New York - New York’s new gun control law may be the nation’s toughest, but it also includes broad new privacy provisions allowing would-be gun owners to shield their identities from reporters and the public.
It is part of the swift reaction to a suburban New York City newspaper’s publication last month of an interactive map with the names and addresses of thousands of permit holders. The Journal News defended its publication of public records, but it was inundated with complaints and even threats, and on Friday the newspaper pulled the information from its website.
“I am personally grateful that the Journal News will never be able to do something as dangerous and idiotic as this again,” said Republican state Sen. Greg Ball, who helped draft the provision.

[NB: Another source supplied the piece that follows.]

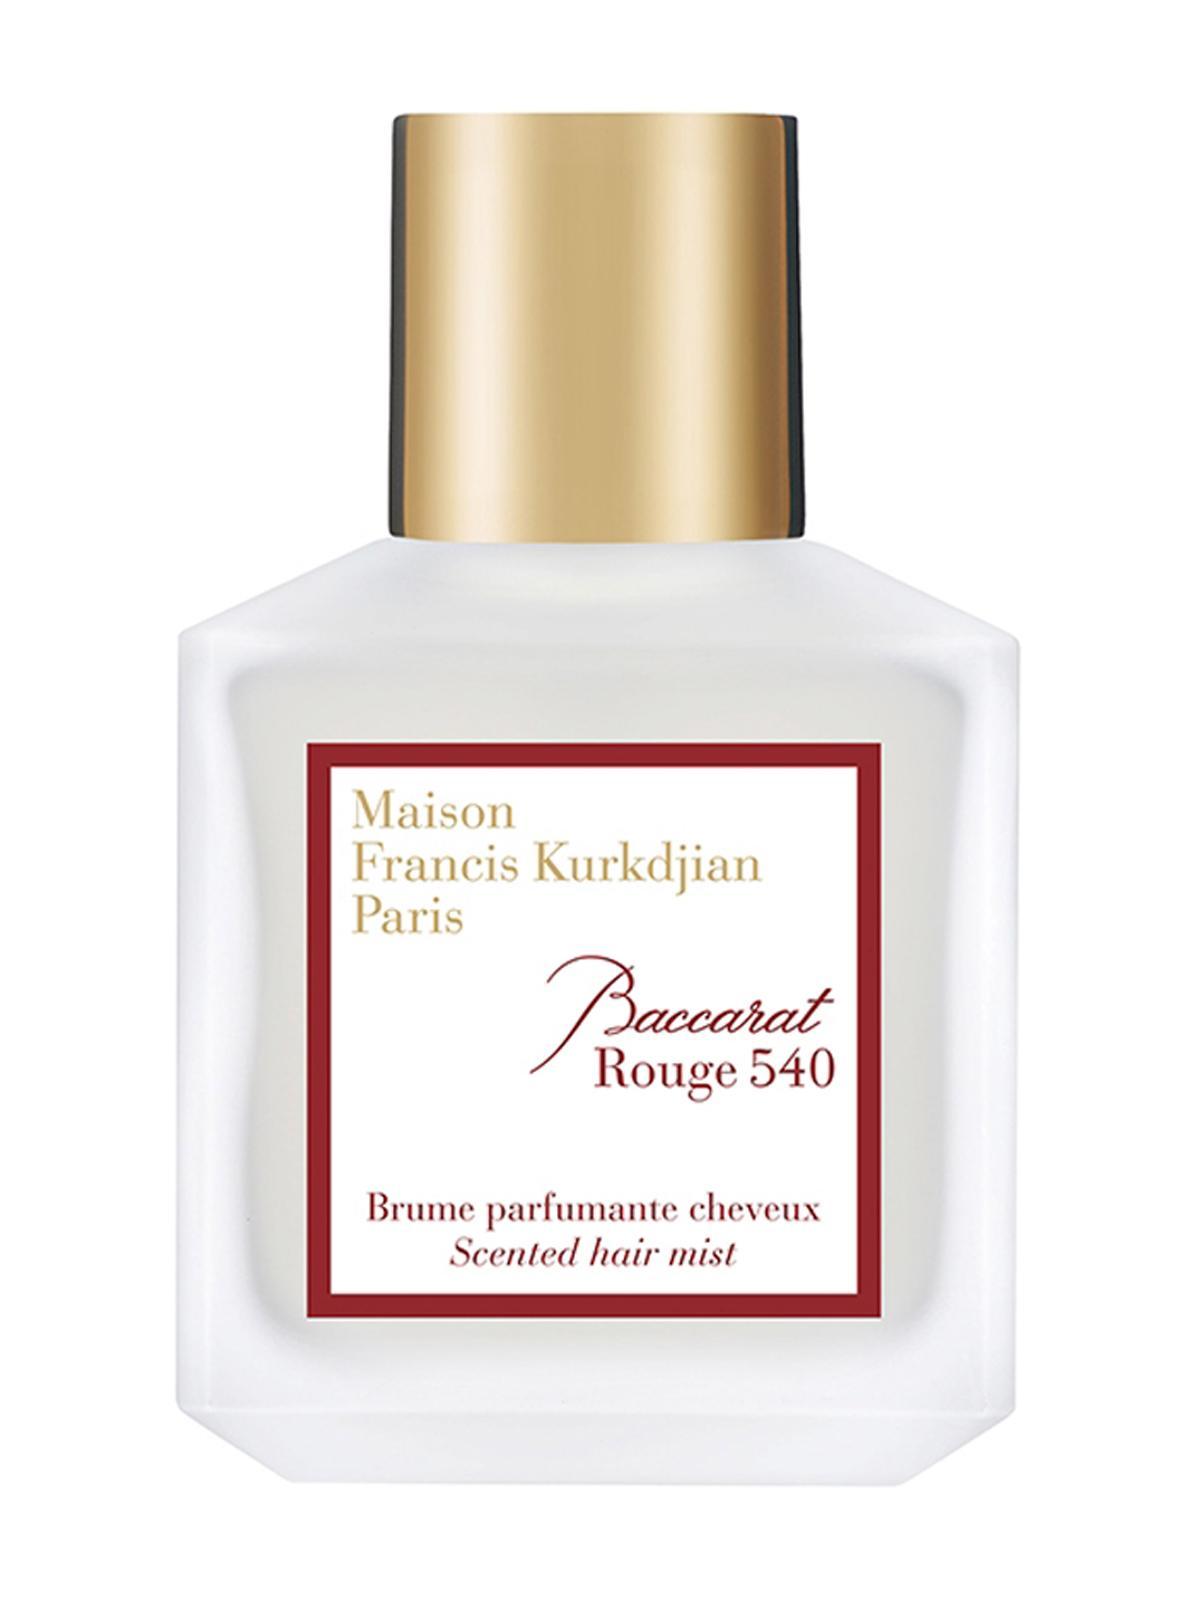 Francis Kurkdjian Baccarat Rouge 540 Hair Mist 70ML

The provision allows handgun permit applicants to ask that their personal information be kept secret for any of several reasons: if they are police officers, witnessed a crime, served on a jury in a criminal case or are victims of domestic violence. More vaguely, they can claim that they fear for their safety or they might be subjected to unwanted harassment.
Permit holders can also ask that their personal information from previous applications be withdrawn from the public record, for the same reasons.

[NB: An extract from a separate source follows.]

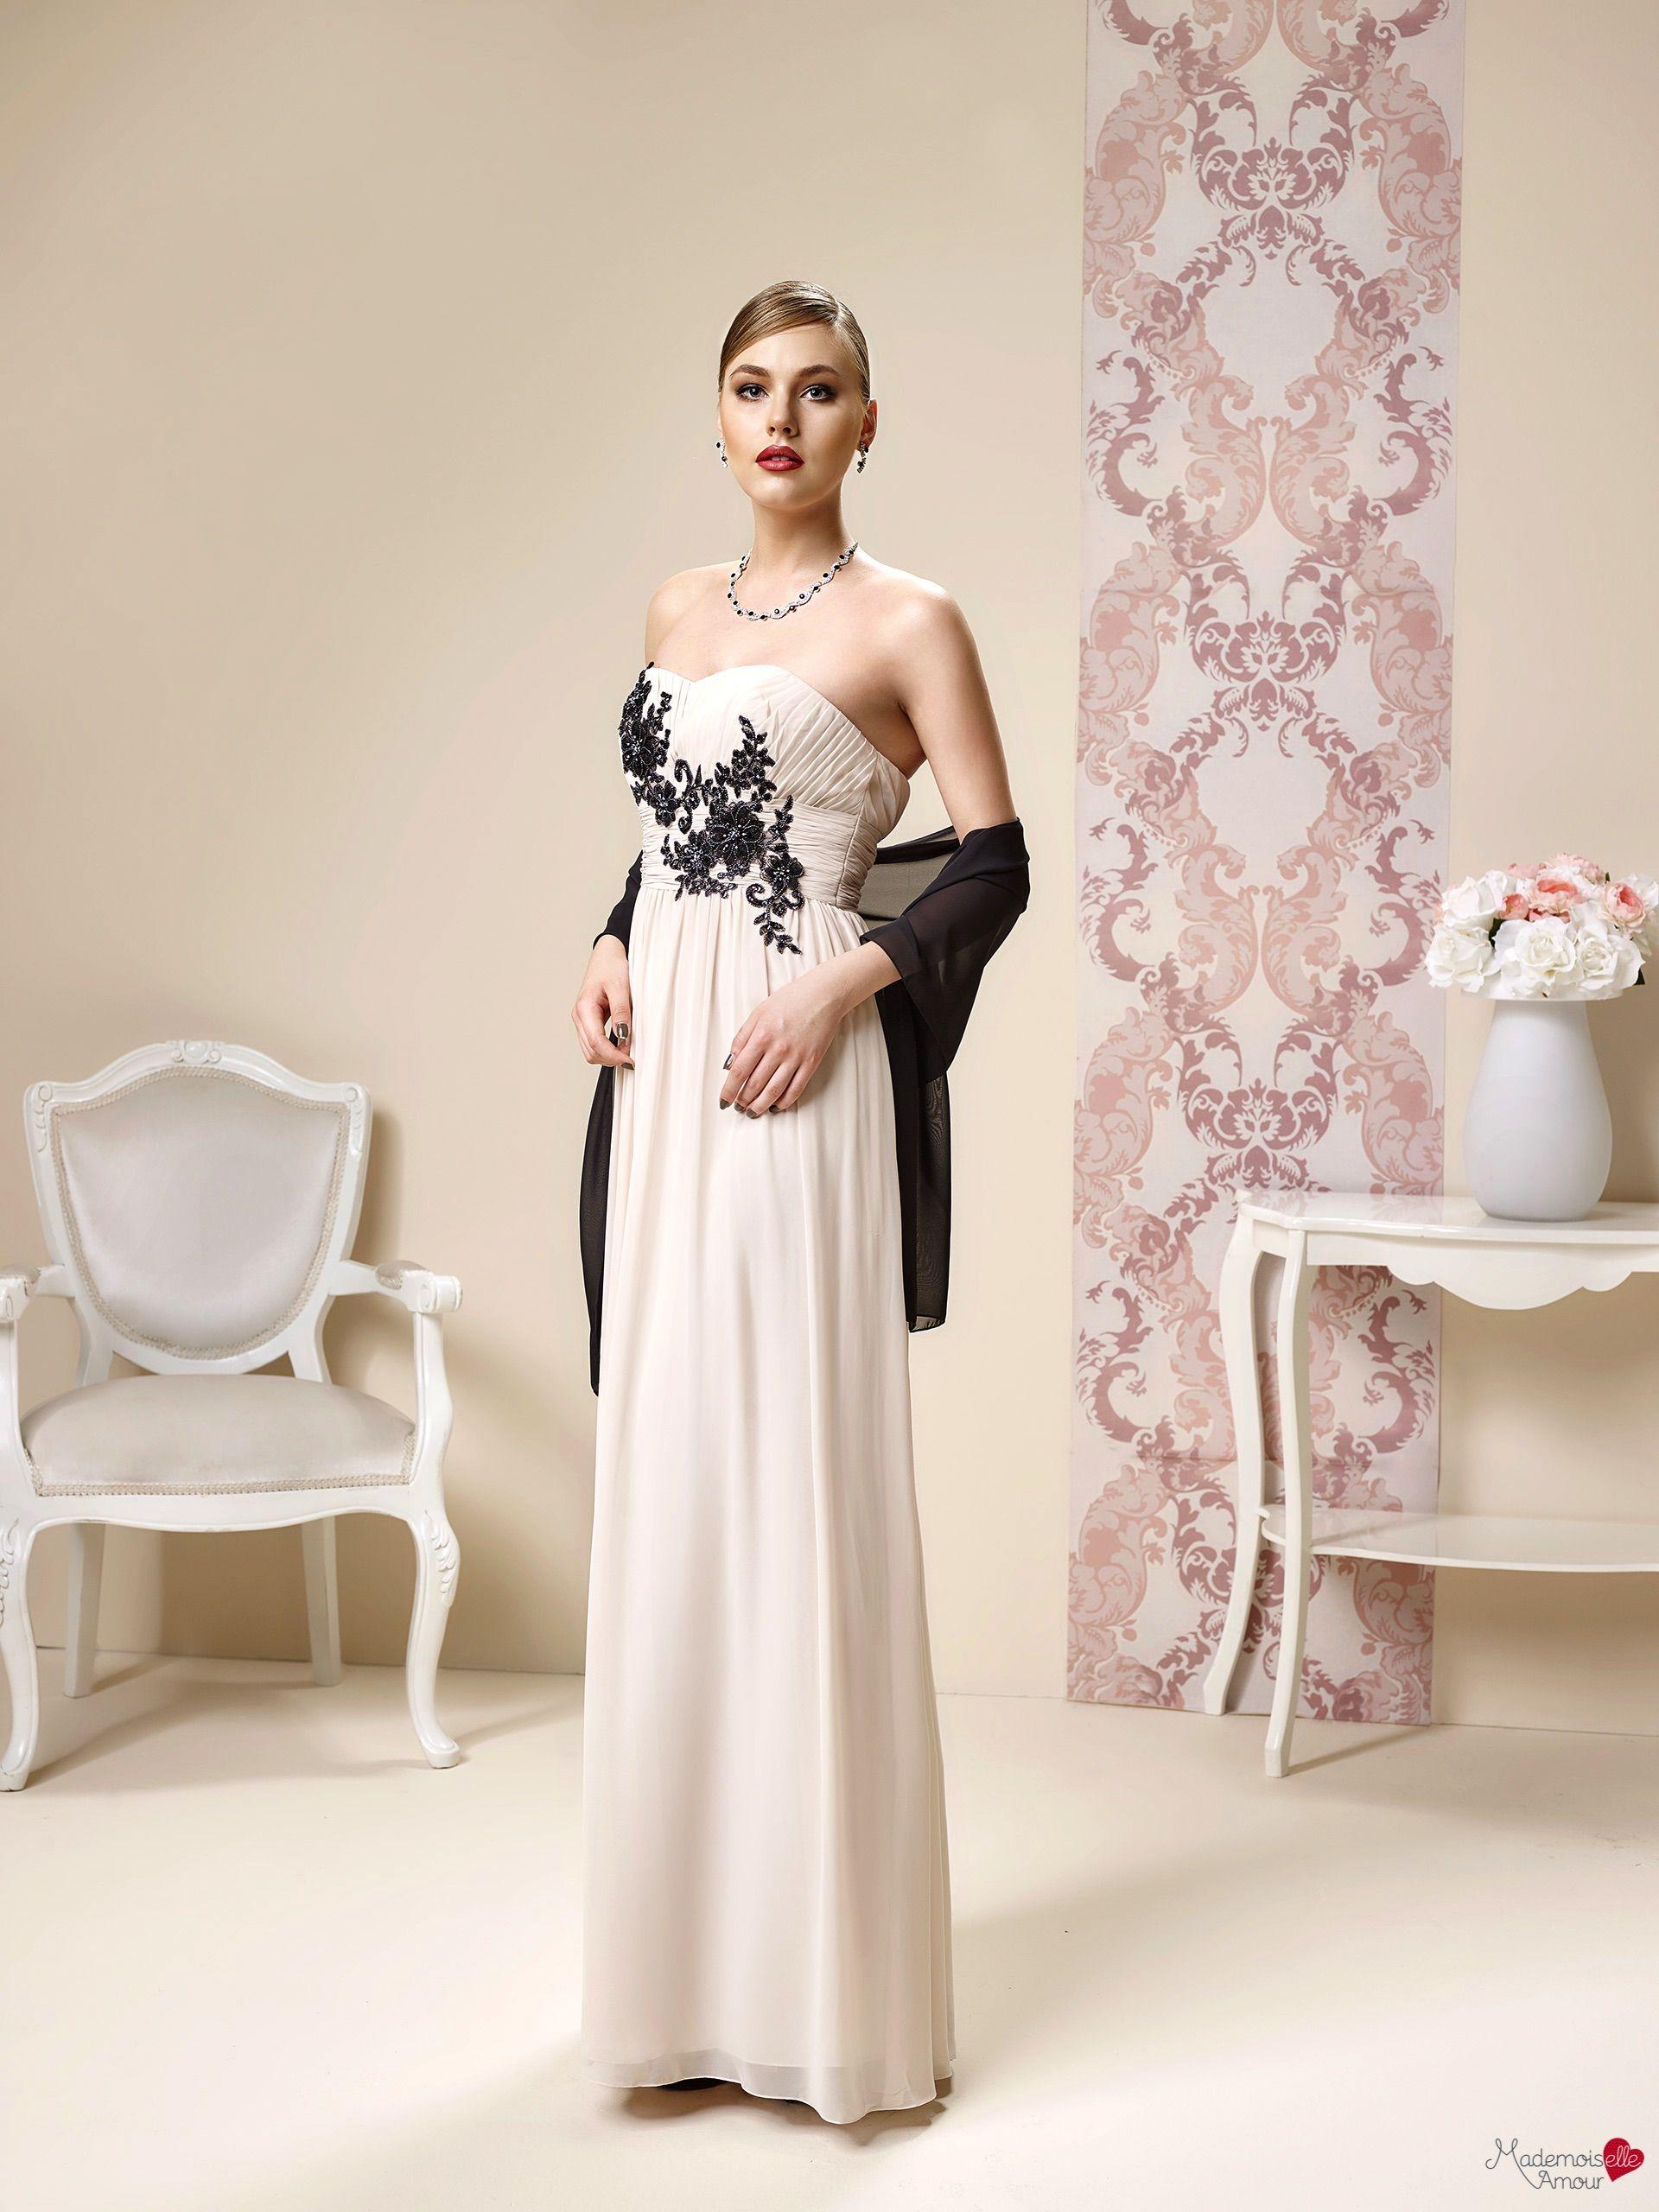 robes de cocktail mademoiselle amour mod le berlin http. Black Bedroom Furniture Sets. Home Design Ideas

Claiming the possibility of harassment is “a little bit of a stretch,” said Diane Kennedy, president of the New York News Publishers Association. “It just makes it really easy for anyone to opt out without really giving a particularly strong reason.”

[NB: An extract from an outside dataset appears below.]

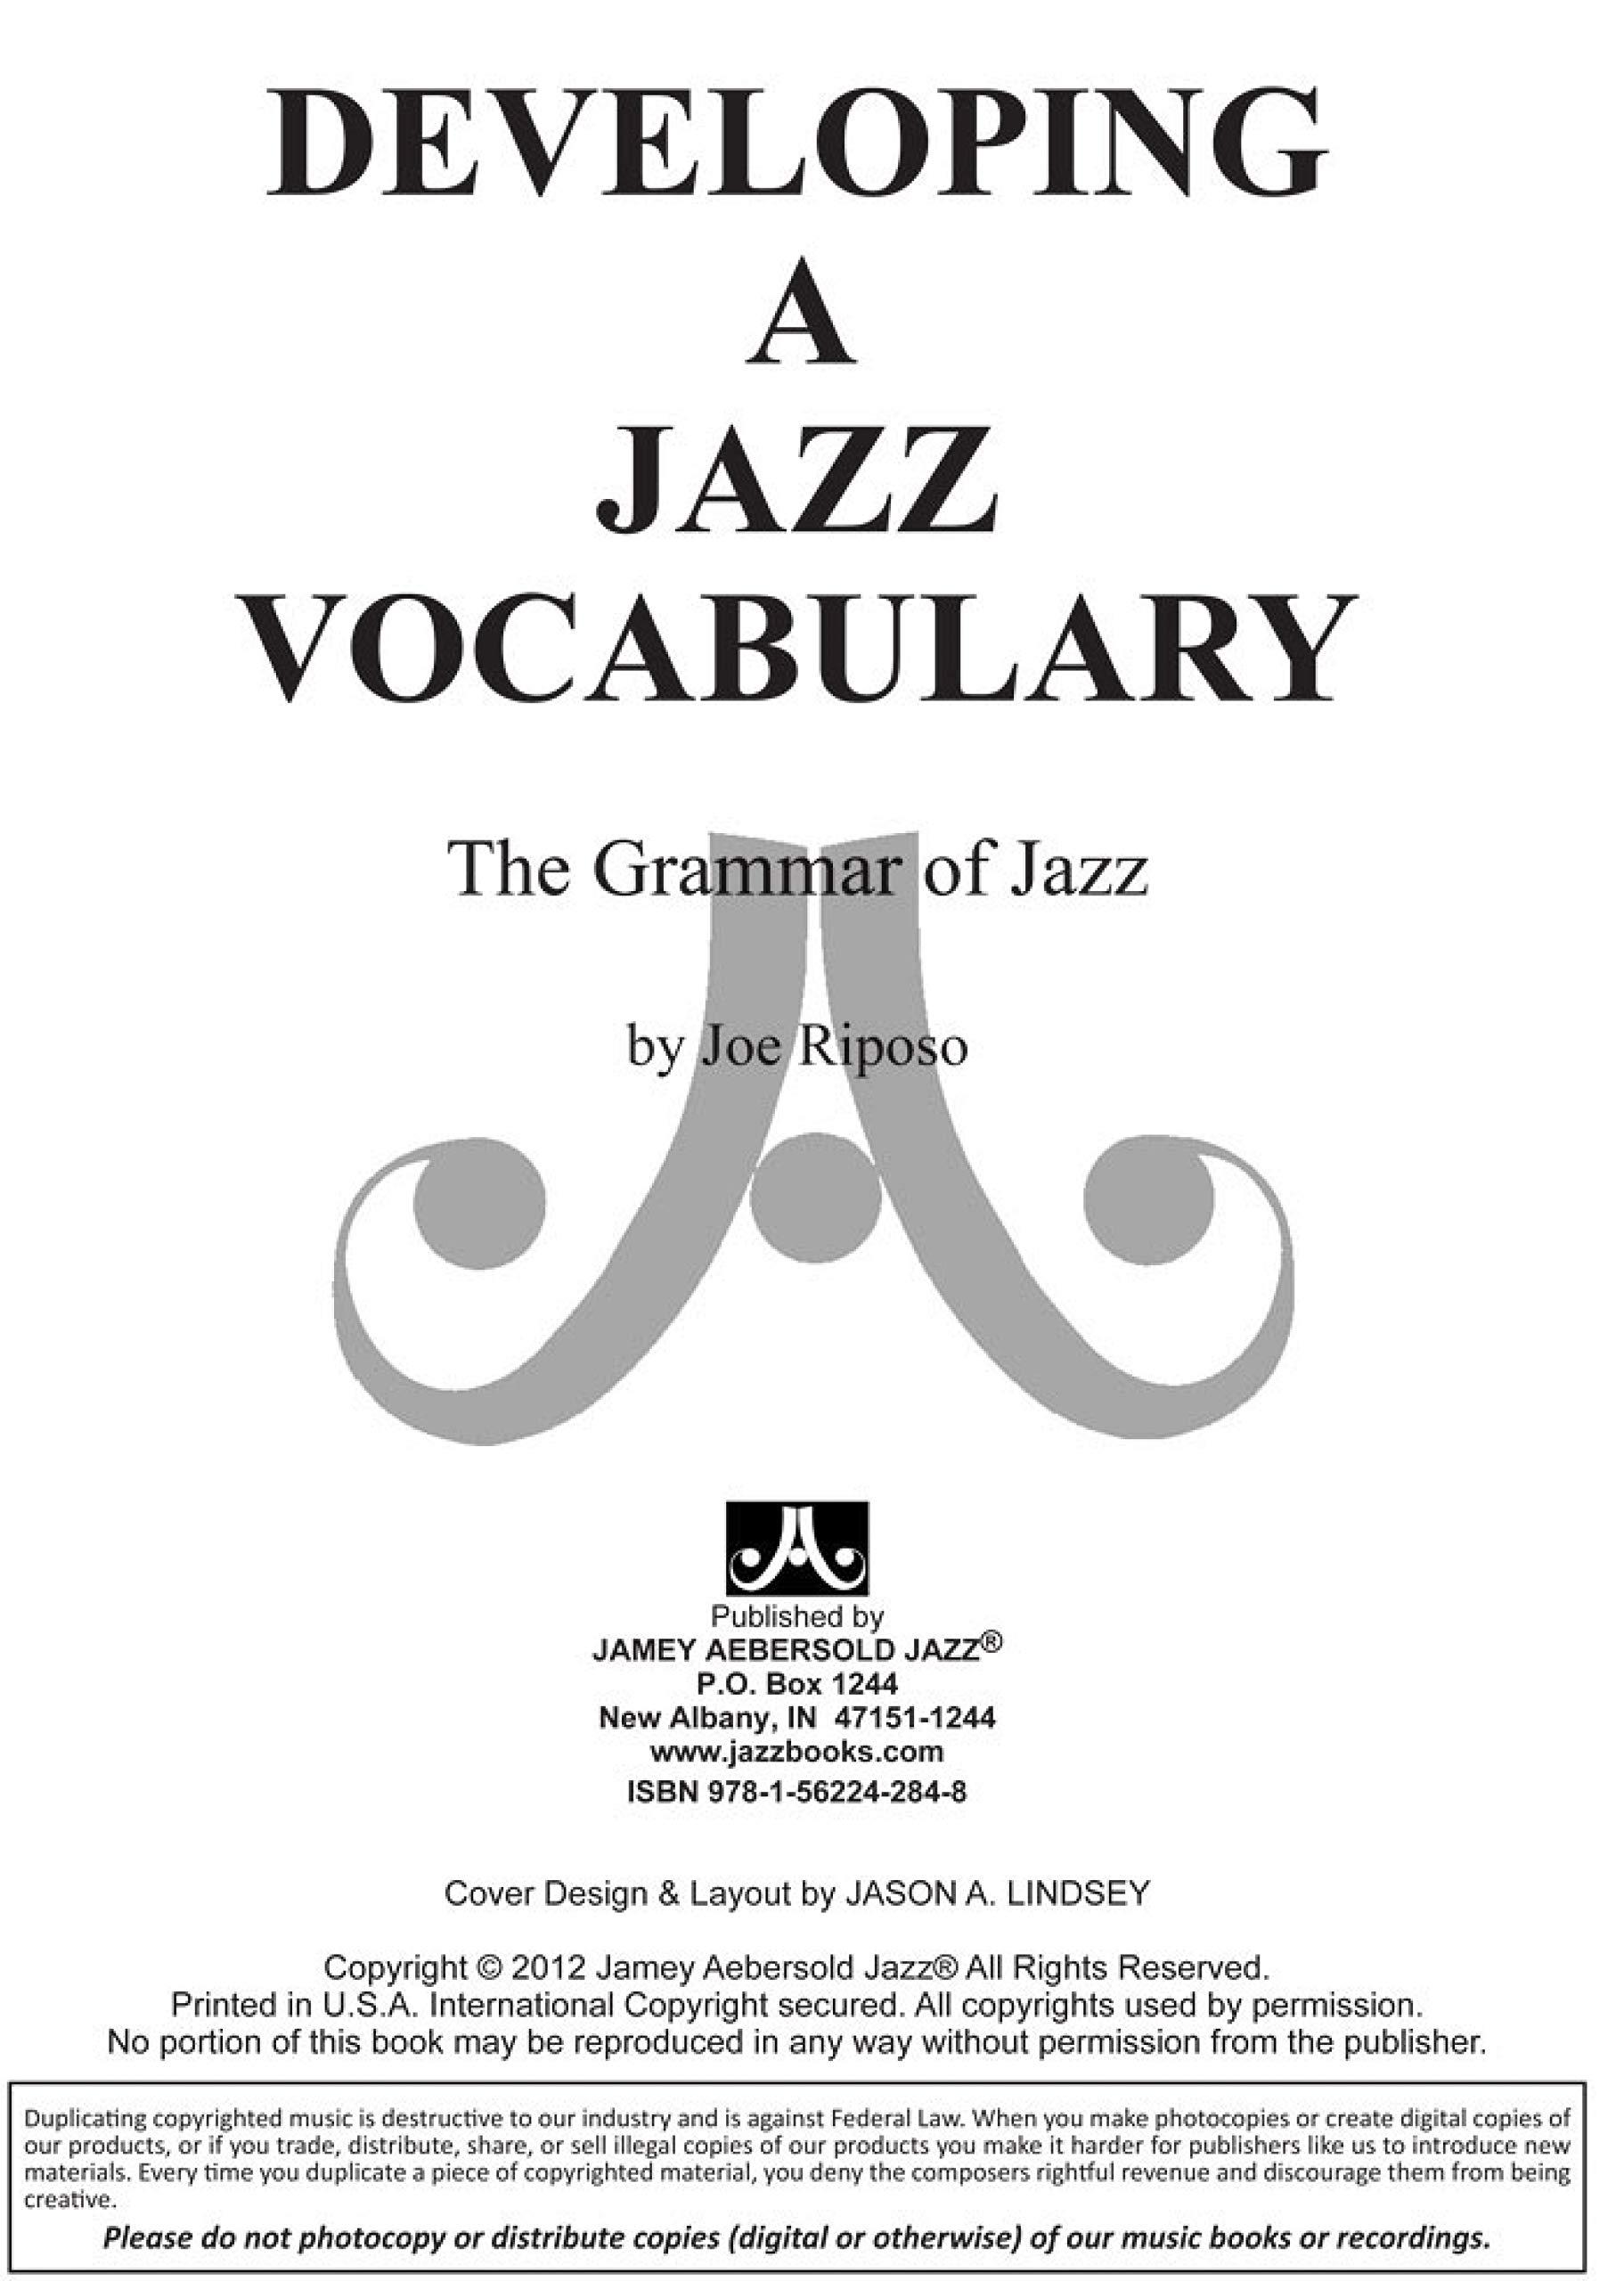 Developing a Jazz Vocabulary

Journal News Media Group publisher Janet Hasson said she too was disappointed with the broad nature of the provision. In a statement after the newspaper took the gun permit names and addresses down, she said the new law didn’t require the removal but “we believe that doing so complies with its spirit.” The interactive map had been viewed more than 1.2 million times since it was posted Dec. 23.
Hasson wrote that the decision to remove the names “is not a concession to critics that no value was served by the posting of the map in the first place.”
“Nor is our decision made because we were intimidated by those who threatened the safety of our staffers,” she said. “We know our business is a controversial one, and we do not cower.”
The Journal News published the gun permit information in Westchester and Rockland counties to accompany an article titled “The Gun Owner Next Door: What You Don’t Know About the Weapons in Your Neighborhood” as part of the newspaper’s coverage following the Newtown, Conn., school shooting.
While news and free-speech advocates bemoaned the new law as a restriction on public records, the fallout from the Journal News case also has prompted a vigorous discussion among media organizations about whether to publish such information and how to do it. Media columnists at The New York Times and the Poynter Institute, for example, criticized the Journal News for not putting more context to the personal information. Some have suggested the same public data could have been used to create a map showing handgun permits by ZIP code or city block without revealing specific names and addresses.
“Was the publication of names and addresses with an interactive map newsworthy and beneficial to the public? In the eyes of many that was not necessarily the case,” said Robert Freeman, executive director of the Committee on Open Government.
After the map was posted, gun-rights activists complained that permit owners were being stigmatized, almost like sex criminals, for following the legal requirements of handgun ownership. And they felt the map could guide burglars to their homes. Police groups said the map could lead ex-convicts to the homes of the officers who had put them away.
Opponents of the release of the information retaliated by posting the addresses of some Journal News staffers online, and threats were phoned in and suspicious packages delivered. The newspaper eventually posted armed guards at its offices but did not remove the handgun-permit data from the website until Friday, after it had been seen almost 1.2 million times.
“While the new law does not require us to remove the data, we believe that doing so complies with its spirit,” Hasson said.
The controversy even prompted legislation 1,000 miles away. Mississippi state Sen. Will Longwitz said that because of the Journal News piece, he will file a bill to exempt concealed-weapon permits from that state’s public records act.
As criticism grew, New York Gov. Andrew Cuomo was pushing for a new state gun control law, also in response to the Newtown massacre. He fast-tracked the legislation, saying it had to move quickly to prevent a buying spree of guns that would be outlawed.
When Ball and others insisted on the privacy provision, there was little opposition. One exception was Democrat Thomas Abinanti, who called it an assault on the First Amendment.
“The only way to control government is to know what it’s doing,” Abinanti said. “Now we are going to make these gun permits secret.”
Abinanti said Friday that “legislators and good-government groups and editorials are now waking up to what happened.” He said he expects the Legislature to consider a “cleanup amendment.”
In the meantime, Freeman, from the Committee on Open Government, said the Journal News case offers a reminder to news organizations of what he called “the Aretha Franklin principle.” It’s based on the scene in “The Blues Brothers” movie where Franklin sings “You Better Think.”
“We have to think it through,” he said. “What are the ramifications of our potential actions?”